According to MSNBC legal analyst Lisa Rubin, under normal circumstances, the former president would have dragged out a legal fight over attorney-client privilege that would have kept attorney Evan Corcoran from testifying under oath about Trump’s possession of government documents at his Mar-a-Lago resort that led to the FBI showing up with a warrant.

As Rubin notes, the fact that Trump let Corcoran testify over three hours raised eyebrows.

“For one, yes, it is indeed unusual, if not unheard of, for a lawyer to be litigating against a party one day and then testifying under court-ordered examination by that same party the next one,” she wrote before suggesting Trump and his legal team were looking at the long game when he might need the predominantly conservative Supreme Court to lend him a helping hand.

RELATED: Revealed: Emails show how Trump lawyers drove Michael Cohen to turn on the president

Writing, “Trump has made clear he believes this Supreme Court — controlled by conservative justices, three of whom he appointed — owes him one,” she added, “My hunch is that Trump’s team let Corcoran’s testimony happen because of what’s likely involved in any request to pause, much less, review a crime-fraud-related ruling: the evidence.”

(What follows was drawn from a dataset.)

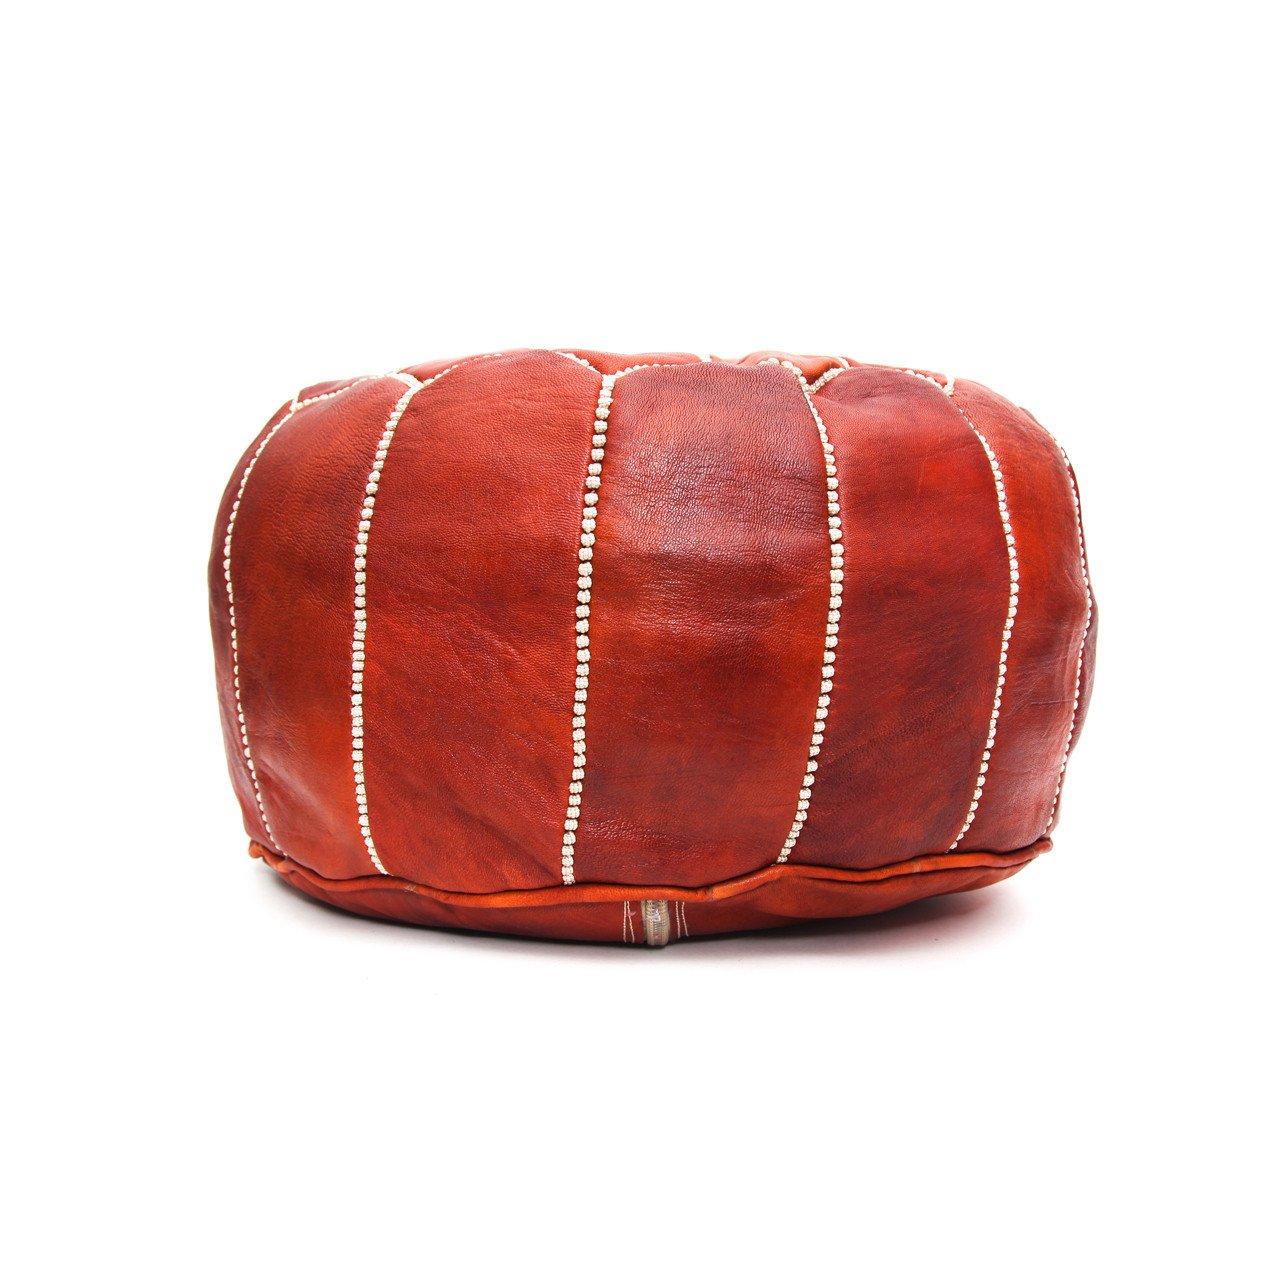 Mauresque Pouf ou ottoman marocain en cuir brun foncé, fait à la main, la paire en vente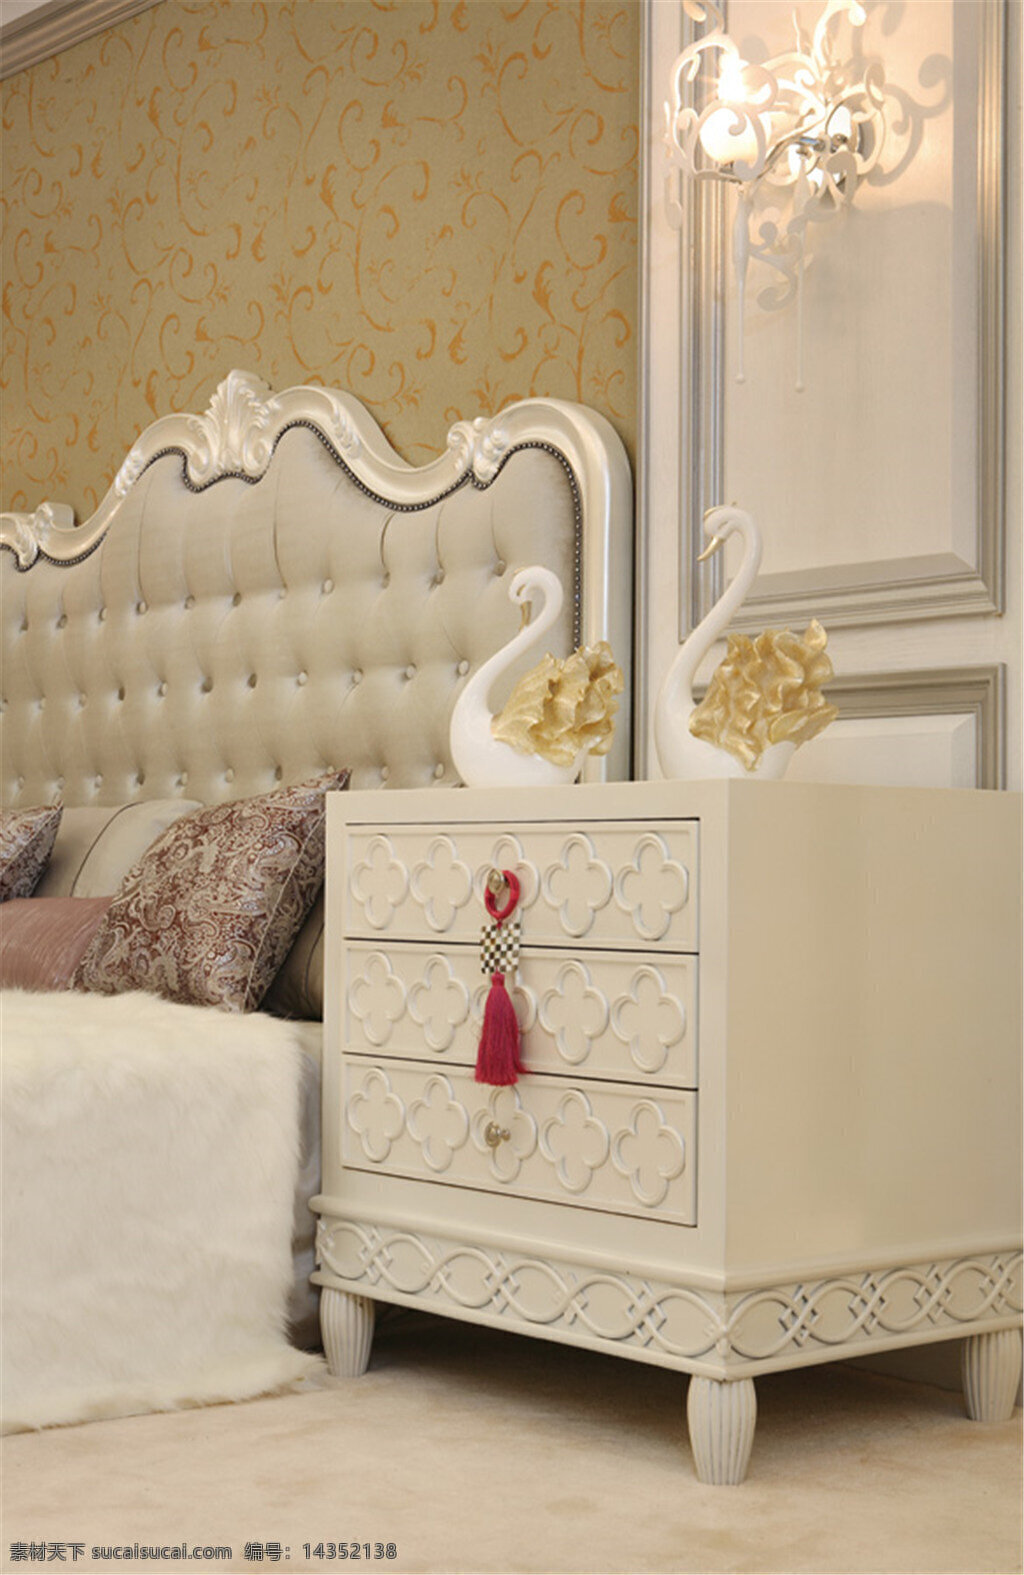 现代 时尚 卧室 黄色 花纹 背景 墙 室内装修 效果图 卧室装修 白色床头柜 天鹅装饰 深色抱枕

“Put another way, if Trump had petitioned the Supreme Court to stay Corcoran’s testimony and document production, the justices would have seen some, if not all, of what Judge Howell and the three-judge panel on the D.C. Circuit have already reviewed: proof that Trump misled Corcoran and engaged in criminal conduct,” she elaborated.

Rubin went on to note that Trump would likely appeal any conviction to the Supreme Court, writing, “And for someone whose one last hope, if he is ultimately charged or tried by any of the multiple entities now investigating him, is that same Supreme Court, letting the justices see evidence of his alleged crimes now would be a bridge too far.”

“Trump can’t afford to lose the Supreme Court yet,” she suggested.